Now, check out the chart above. Notice how whole chicken contains about 70% water and 18% protein.
Yet after rendering, the resulting chicken meal contains just 10% water and a whopping 65% protein.
That’s nearly four times more protein than whole chicken!
Nutritious Ingredient or Anonymous Waste?
Of course, not all meat meals are created equal. Some are of very high quality while others are positively awful.
It all boils down to the stew’s contents — the raw materials. And one critically important principle…
No meal product can ever be better than the raw materials that were used to make it.

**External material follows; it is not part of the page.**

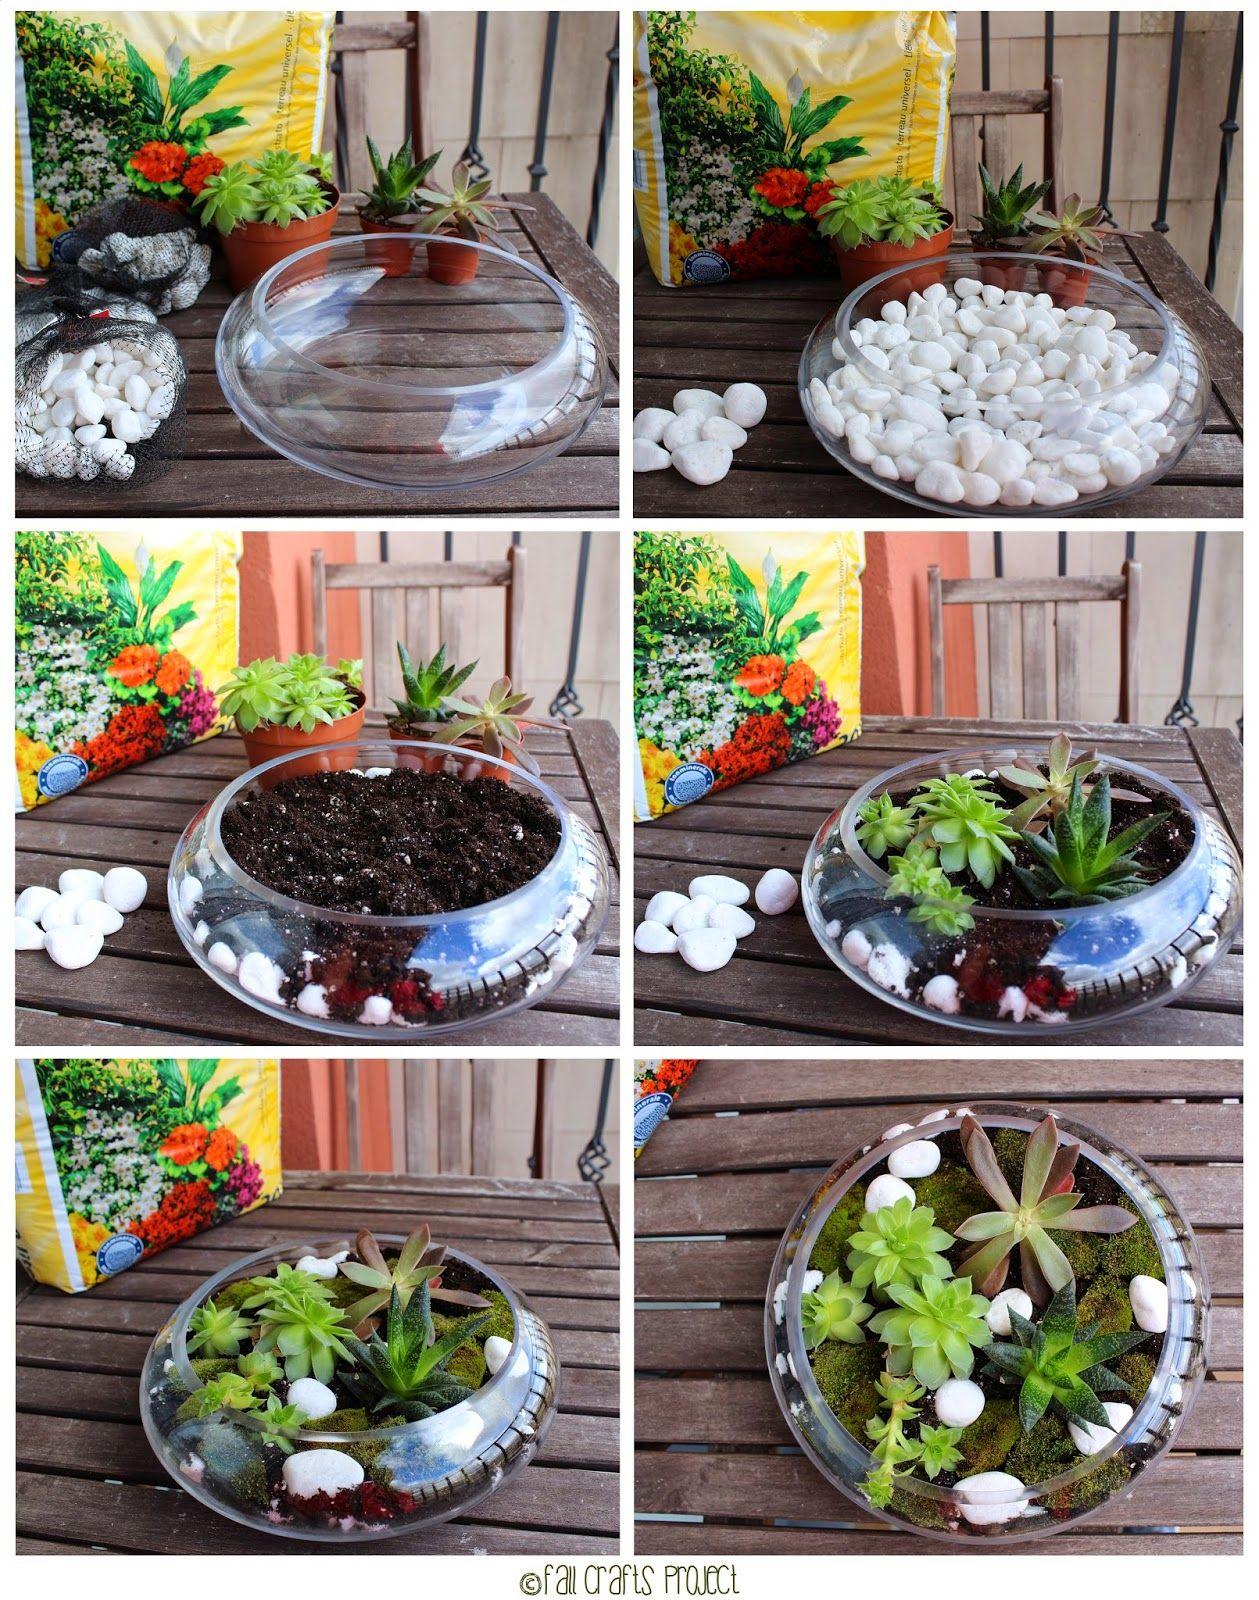 Terrarium originales buscar con google terrarios for Jardines pequenos originales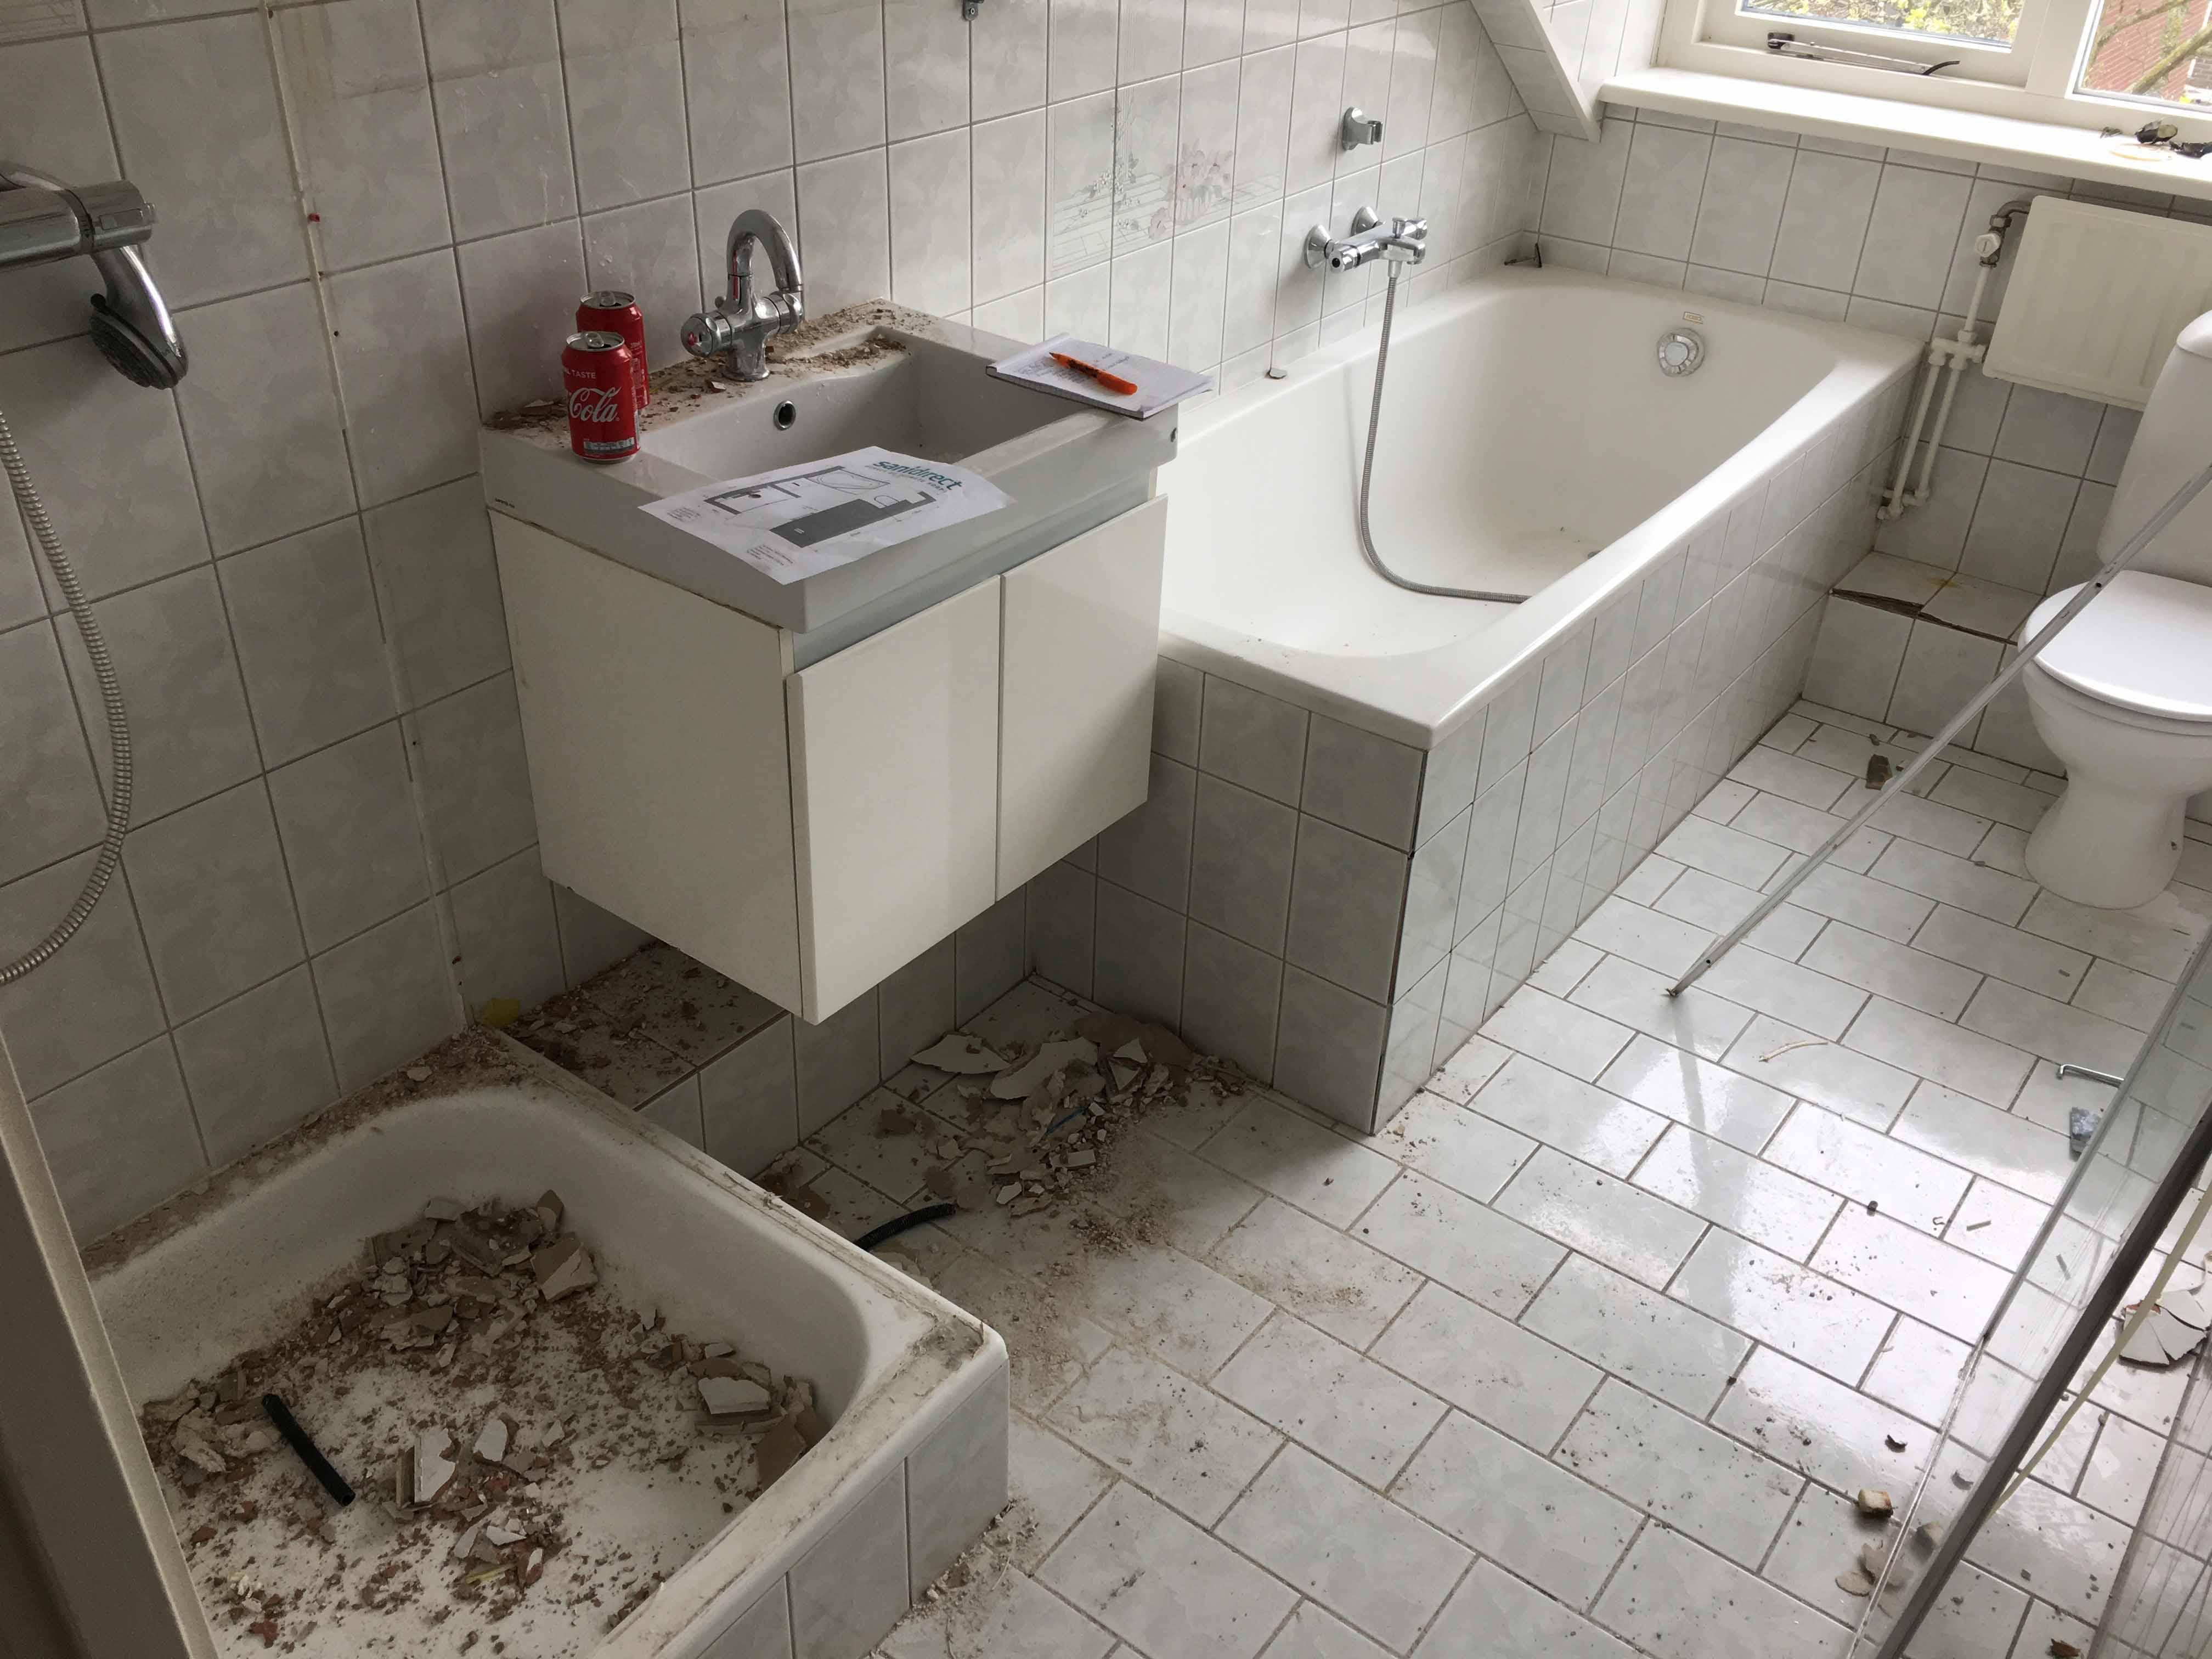 https://www.woodmancrafts.nl/wp-content/uploads/2018/08/IMG_5006.jpg

Better meals are typically made from the meat of clearly identified sources. Low-grade meals come from anonymous materials like slaughterhouse waste and spoiled supermarket meats — even diseased or dying cattle — or dead zoo animals.
For a more detailed look at the dark side of the industry, you may wish to read “The Shocking Truth About Commercial Dog Food“.
How to Recognize Lower Quality Meat Meals
Since many manufacturers do little to clarify the true nature of the ingredients they use, two important rules can help you avoid choosing an inferior products.
Avoid dog foods containing any meat meal that:
- Includes the words “by-products” in its name
- Fails to identify the specific source animal1
Here are some examples of inferior meat-based protein ingredients. Notice the generic nature of the phrases:
- Meat meal
- Animal meal
- Chicken by-product meal
- Meat and bone meal
When you see ingredients like these in any recipe, it’s a sign you’re probably looking at a lower quality dog food.